▶ _Instructions for the task_: Find "Camel illustration logo icon vector design", then copy its line and every later line of the entries exactly through the end, leaving all pictures out.

[Data extract — start]

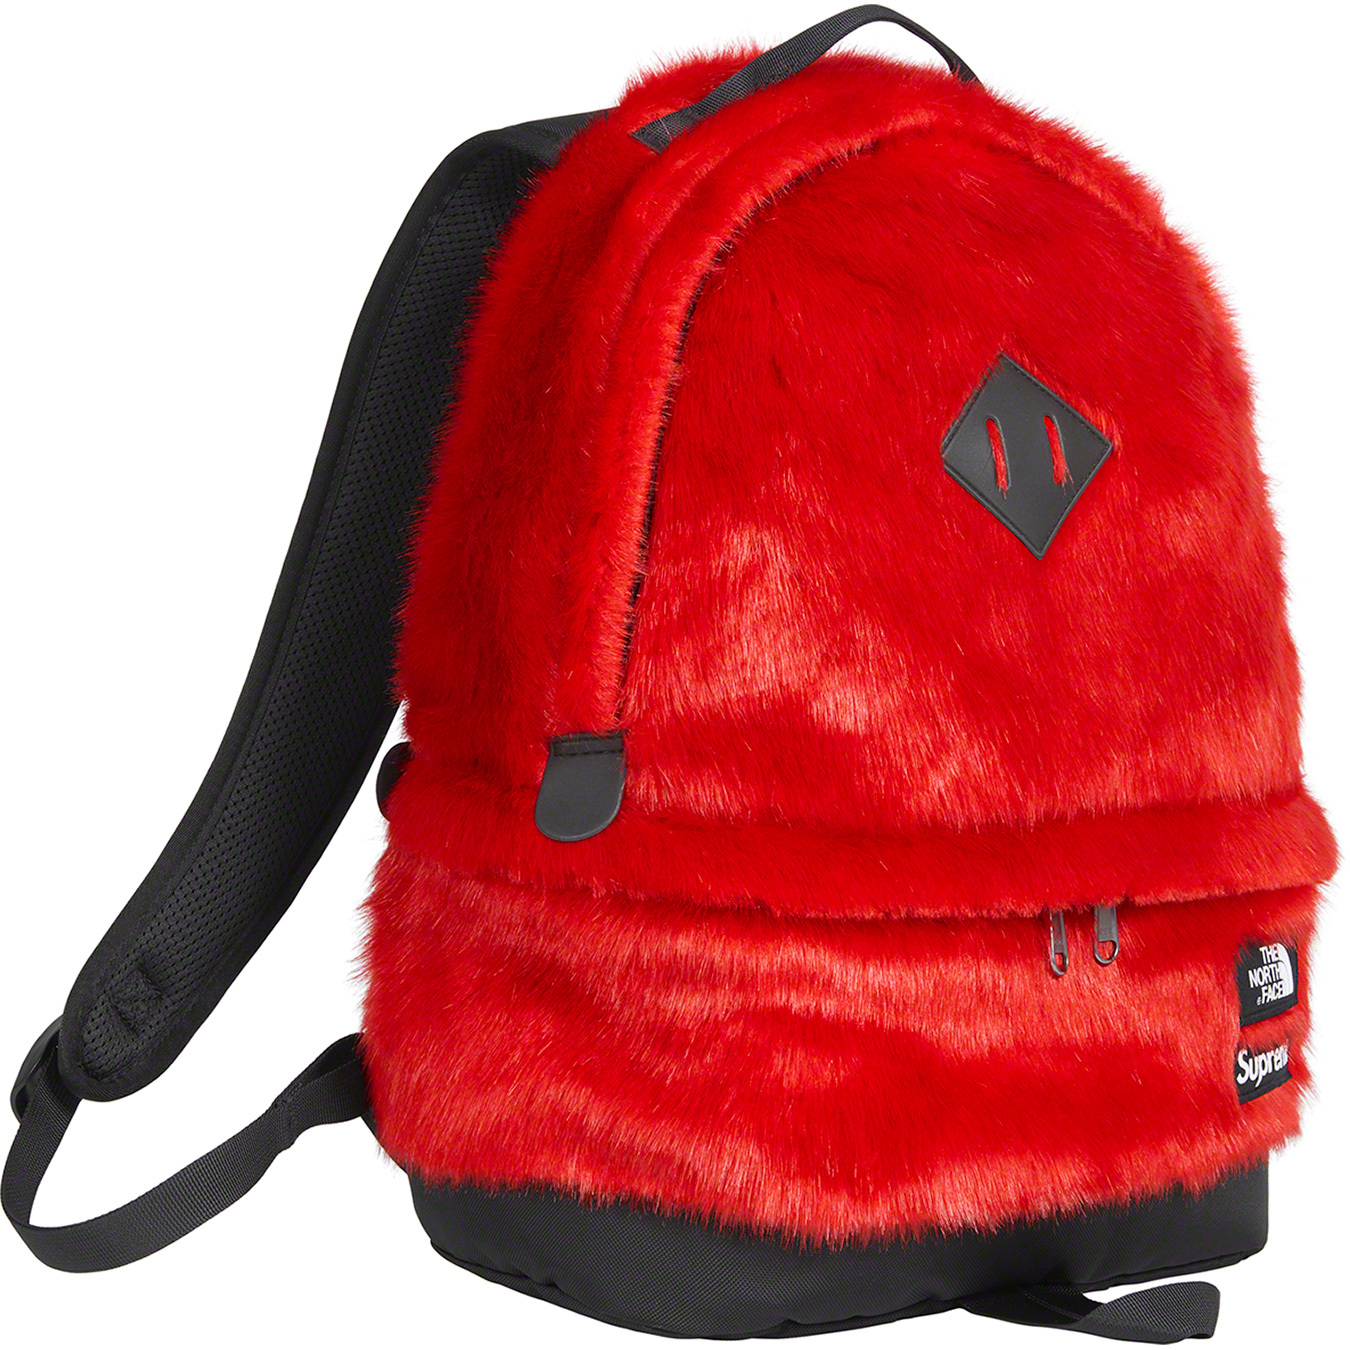 supreme north face faux fur backpack
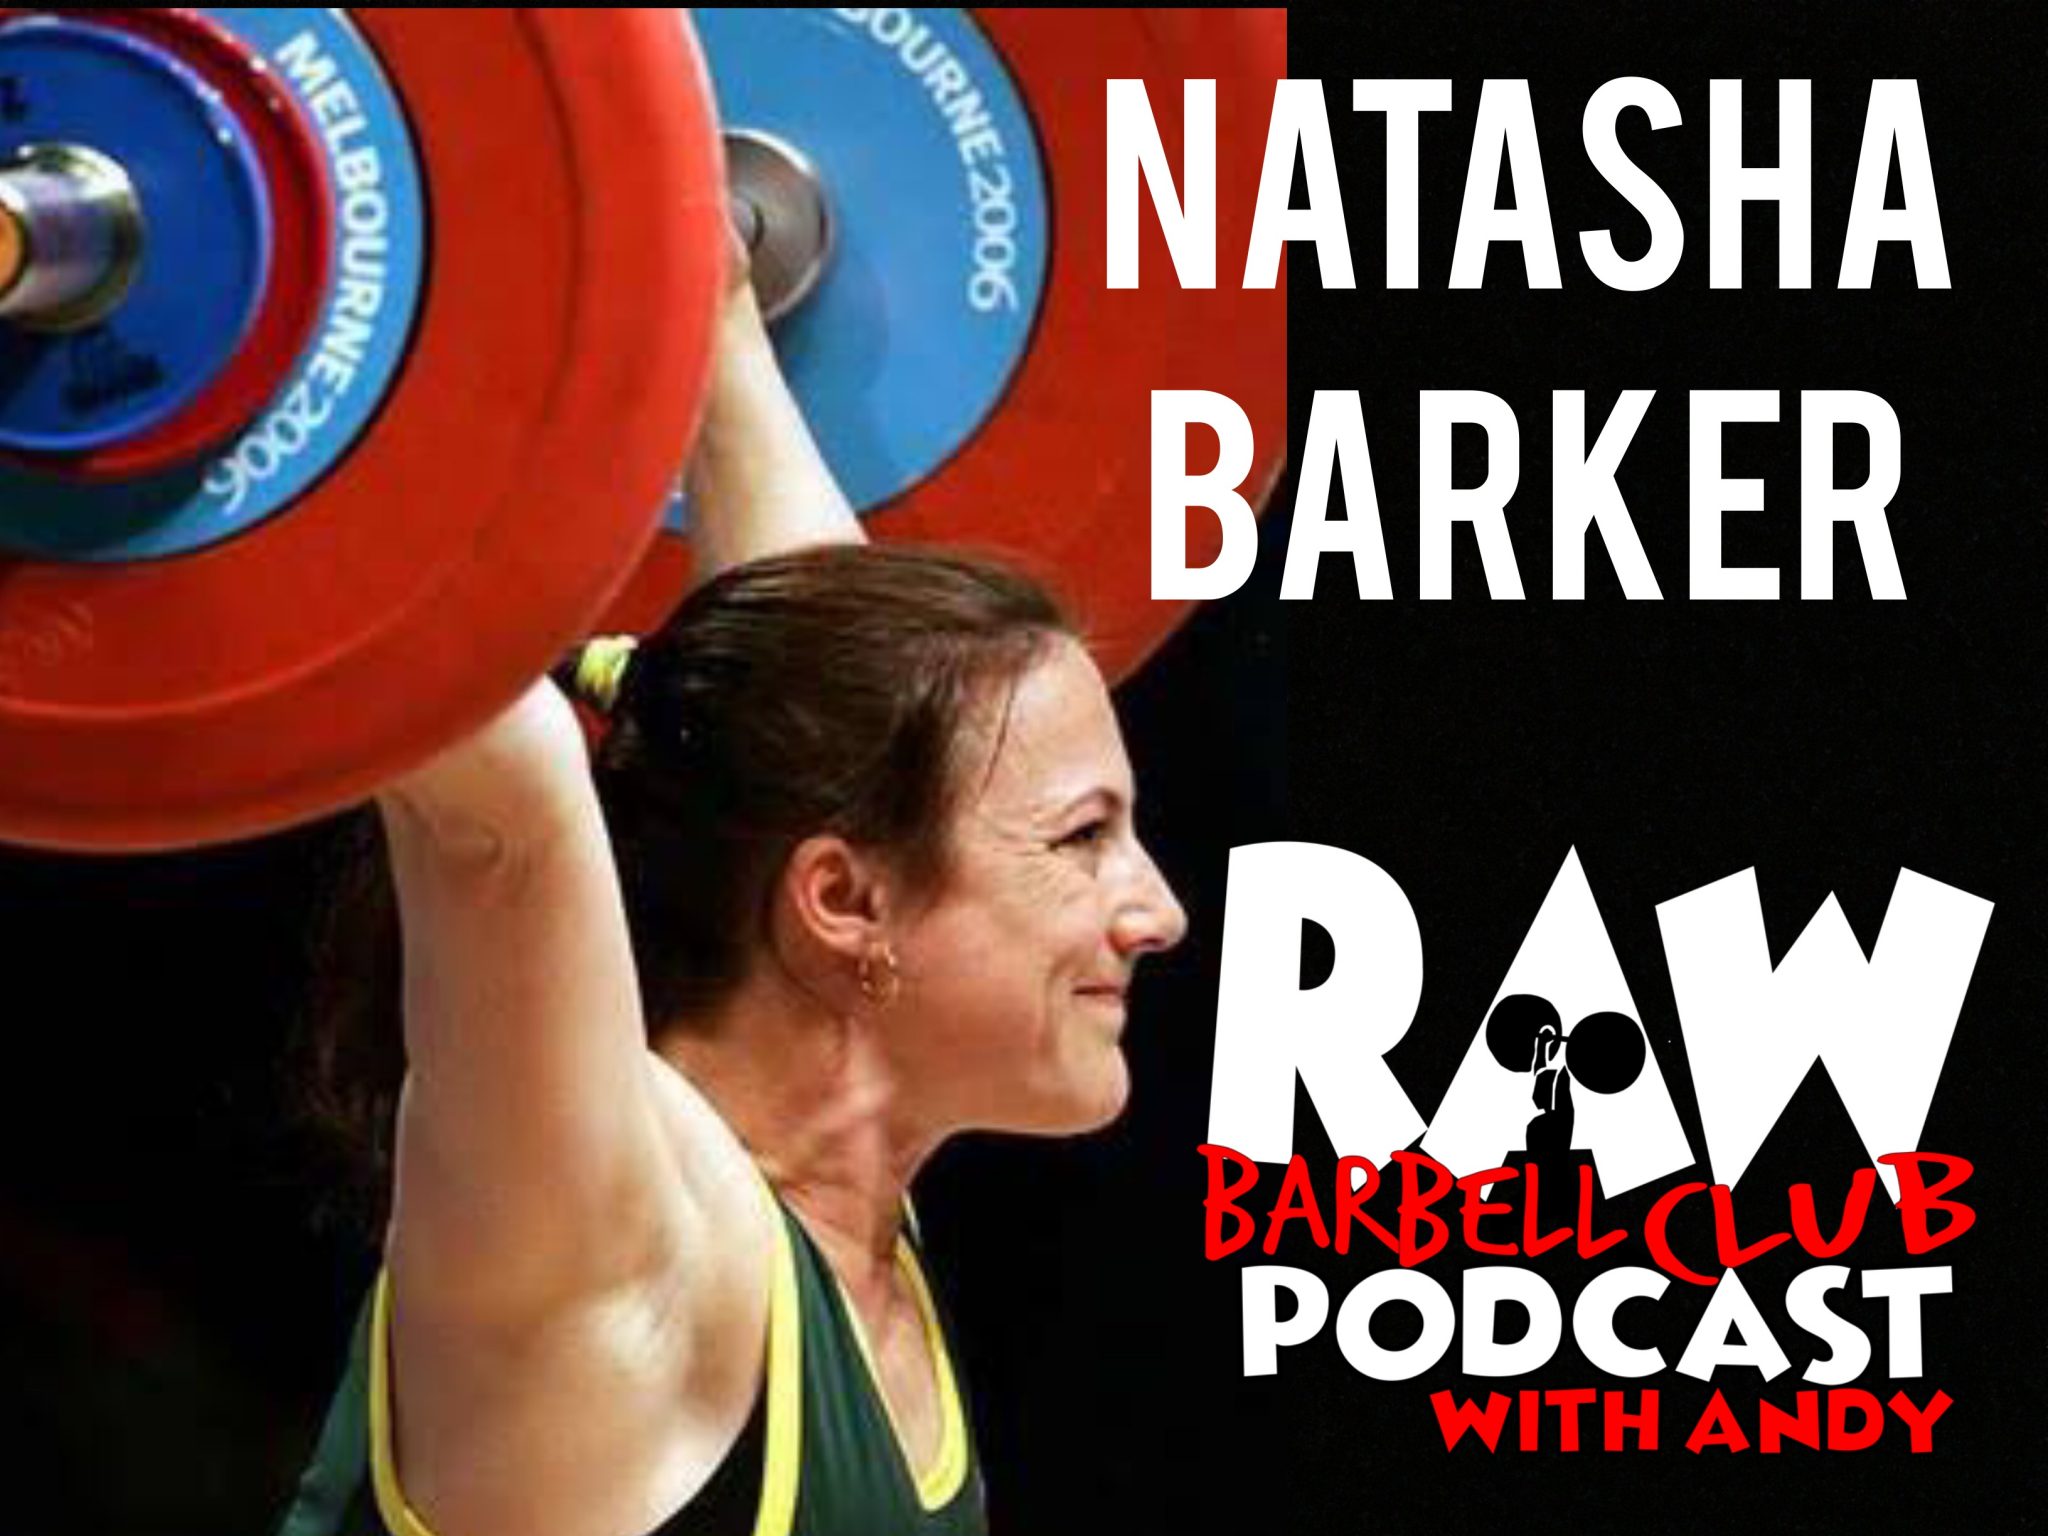 natasha barker journey of an olympian weightlifter
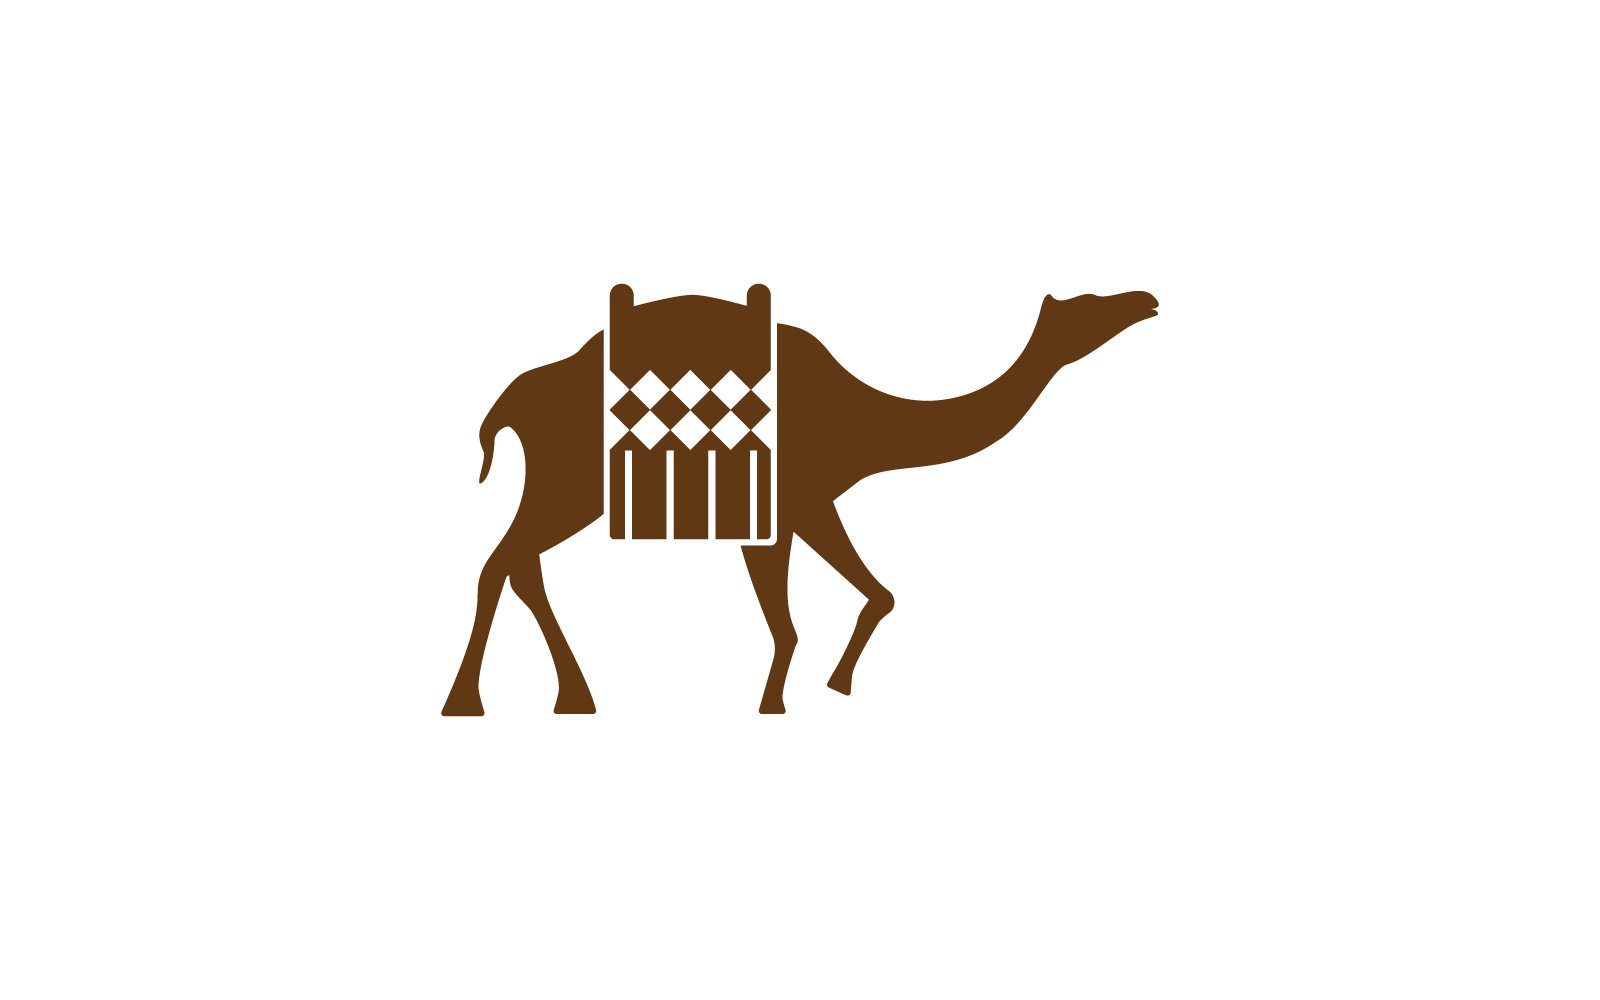 Camel illustration logo icon vector design
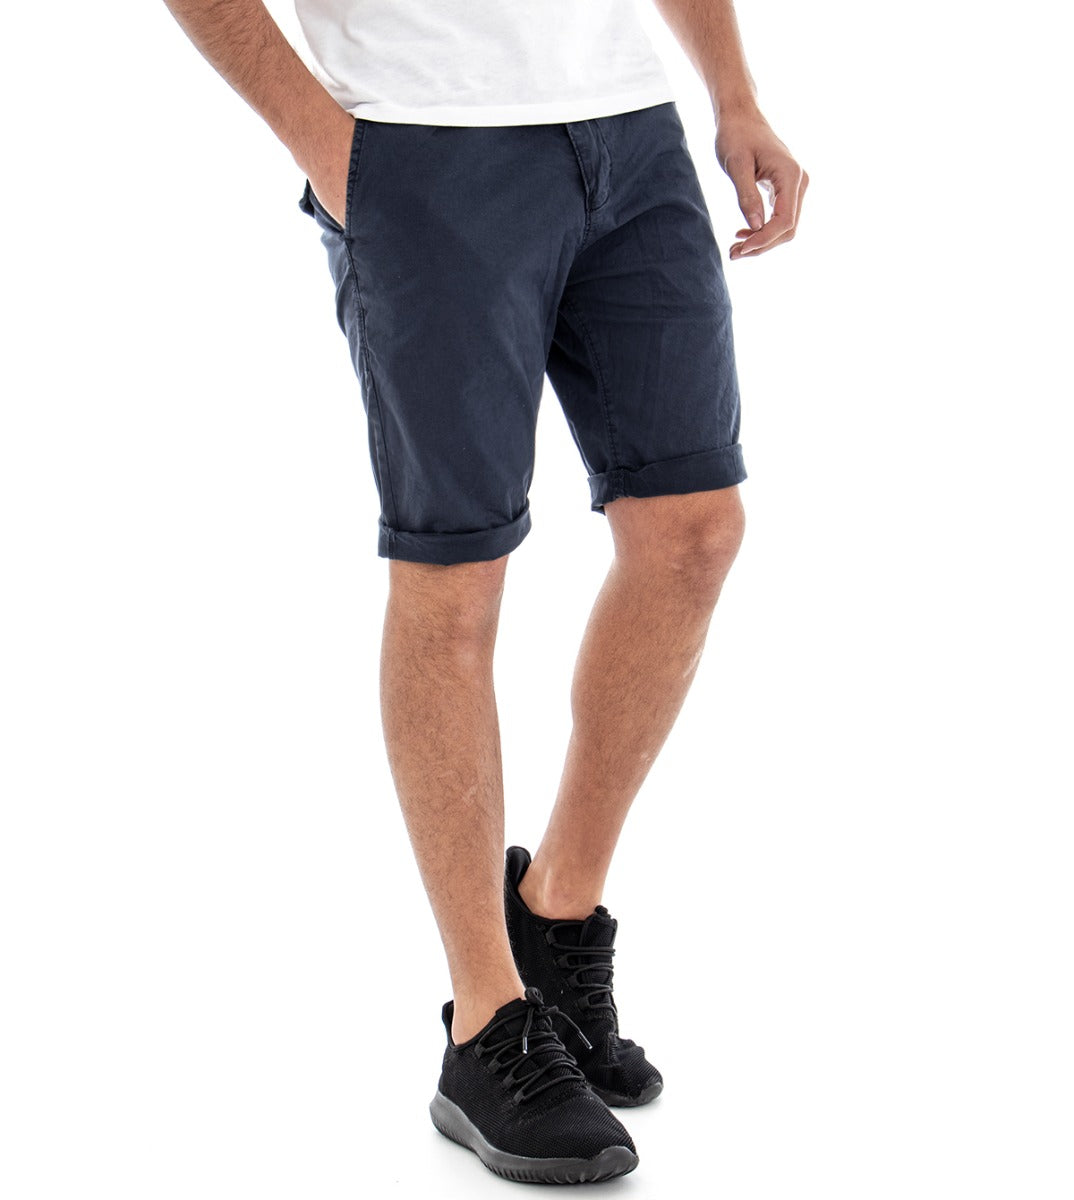 Bermuda Short Men's Shorts America Pocket Solid Color Slim Blue GIOSAL-PC1300A
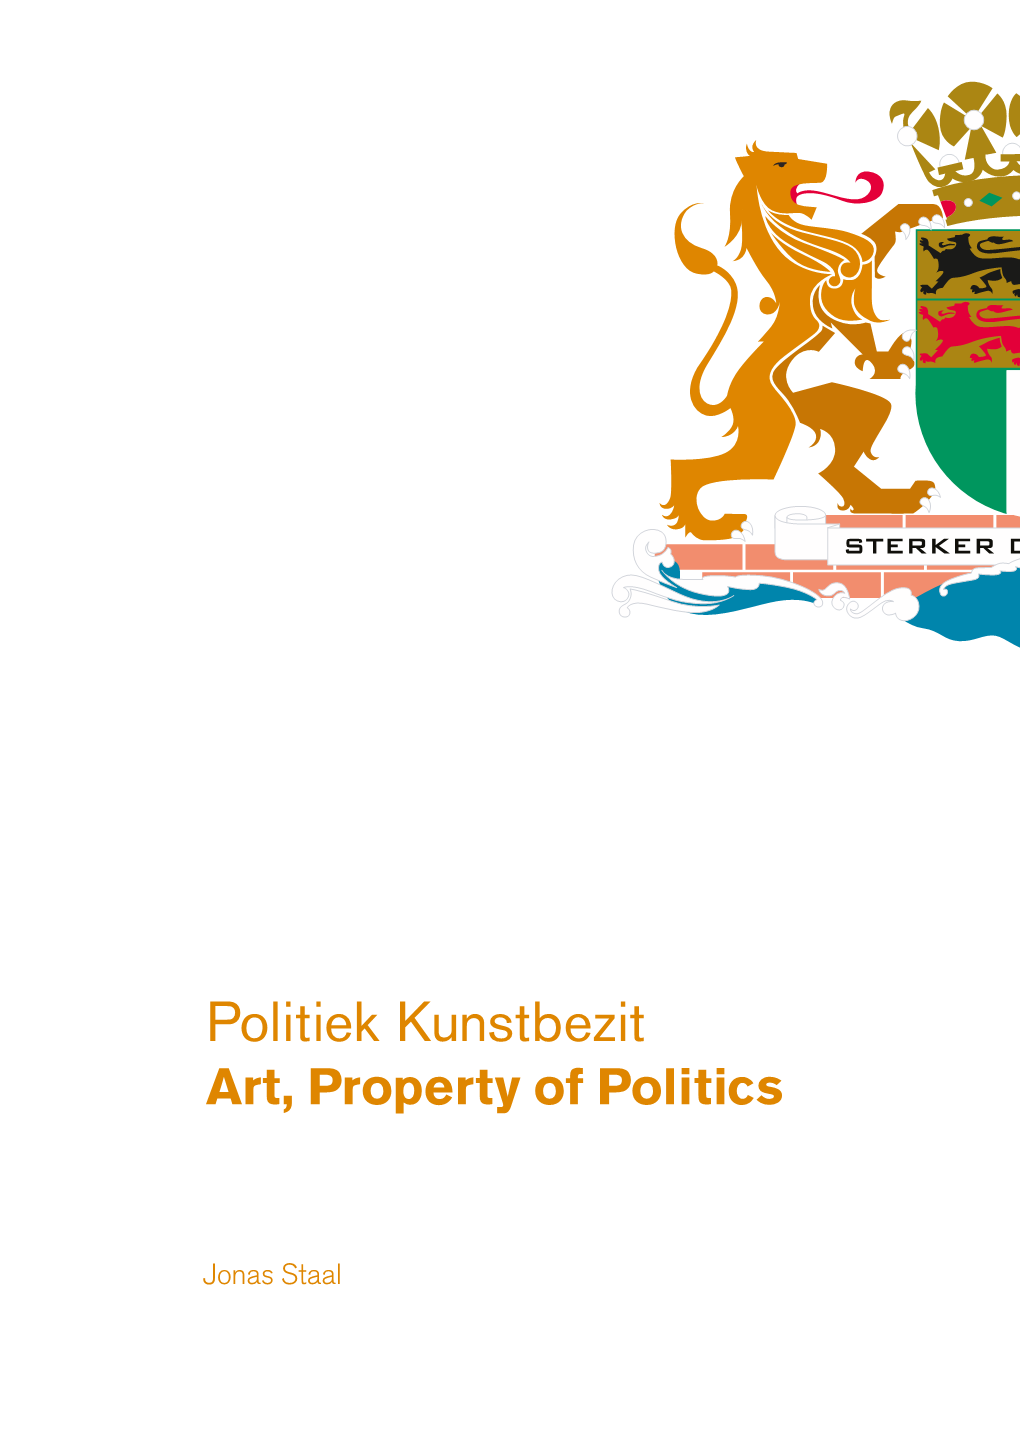 Politiek Kunstbezit Art, Property of Politics

[Data extract — finish]

▶ _Answer space_:
 Camel illustration logo icon vector design
 Bermuda Short Men's Shorts America Pocket Solid Color Slim Blue GIOSAL-PC1300A
 Politiek Kunstbezit Art, Property of Politics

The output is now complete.